#### TASK TO COMPLETE:
What is needed is an exact copy of the lines in the listing below, from the one with "Antique Art Deco" up to and including the one with "Oil painting portrait", with no other lines.

#### DATA FOR PROCESSING:
◆ ◆ ◆

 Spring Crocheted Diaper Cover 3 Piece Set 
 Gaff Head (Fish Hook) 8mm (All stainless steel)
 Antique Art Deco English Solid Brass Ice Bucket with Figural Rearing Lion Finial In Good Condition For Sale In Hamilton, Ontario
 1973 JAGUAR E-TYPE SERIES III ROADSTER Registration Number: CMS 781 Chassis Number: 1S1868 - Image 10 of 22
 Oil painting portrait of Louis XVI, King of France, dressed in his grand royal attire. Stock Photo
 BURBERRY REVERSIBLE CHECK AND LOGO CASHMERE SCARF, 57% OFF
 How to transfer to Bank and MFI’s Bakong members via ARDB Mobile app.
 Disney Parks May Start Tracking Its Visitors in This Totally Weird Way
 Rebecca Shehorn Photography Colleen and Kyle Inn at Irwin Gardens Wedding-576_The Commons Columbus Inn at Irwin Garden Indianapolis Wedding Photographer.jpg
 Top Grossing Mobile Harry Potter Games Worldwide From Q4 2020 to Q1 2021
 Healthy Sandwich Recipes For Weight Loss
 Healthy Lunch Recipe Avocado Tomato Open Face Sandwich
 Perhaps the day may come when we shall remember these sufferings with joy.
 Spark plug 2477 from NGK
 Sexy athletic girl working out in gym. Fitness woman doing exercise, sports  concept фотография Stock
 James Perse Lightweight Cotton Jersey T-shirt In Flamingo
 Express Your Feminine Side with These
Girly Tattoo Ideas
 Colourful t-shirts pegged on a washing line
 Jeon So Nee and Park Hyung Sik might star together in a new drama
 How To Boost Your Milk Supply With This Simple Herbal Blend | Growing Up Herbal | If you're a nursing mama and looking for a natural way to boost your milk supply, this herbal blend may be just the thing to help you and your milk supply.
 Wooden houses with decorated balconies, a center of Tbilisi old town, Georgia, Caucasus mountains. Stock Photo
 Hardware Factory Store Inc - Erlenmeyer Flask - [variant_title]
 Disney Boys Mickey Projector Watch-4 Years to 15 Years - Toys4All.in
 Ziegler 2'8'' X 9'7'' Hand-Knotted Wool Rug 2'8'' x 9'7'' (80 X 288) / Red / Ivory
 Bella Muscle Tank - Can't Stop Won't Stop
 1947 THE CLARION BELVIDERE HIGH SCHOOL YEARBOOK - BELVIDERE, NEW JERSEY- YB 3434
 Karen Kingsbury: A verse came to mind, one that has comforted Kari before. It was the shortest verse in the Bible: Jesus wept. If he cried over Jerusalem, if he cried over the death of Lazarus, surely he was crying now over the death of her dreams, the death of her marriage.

◆ ◆ ◆

#### SOLUTION TO THE EXERCISE:
 Antique Art Deco English Solid Brass Ice Bucket with Figural Rearing Lion Finial In Good Condition For Sale In Hamilton, Ontario
 1973 JAGUAR E-TYPE SERIES III ROADSTER Registration Number: CMS 781 Chassis Number: 1S1868 - Image 10 of 22
 Oil painting portrait of Louis XVI, King of France, dressed in his grand royal attire. Stock Photo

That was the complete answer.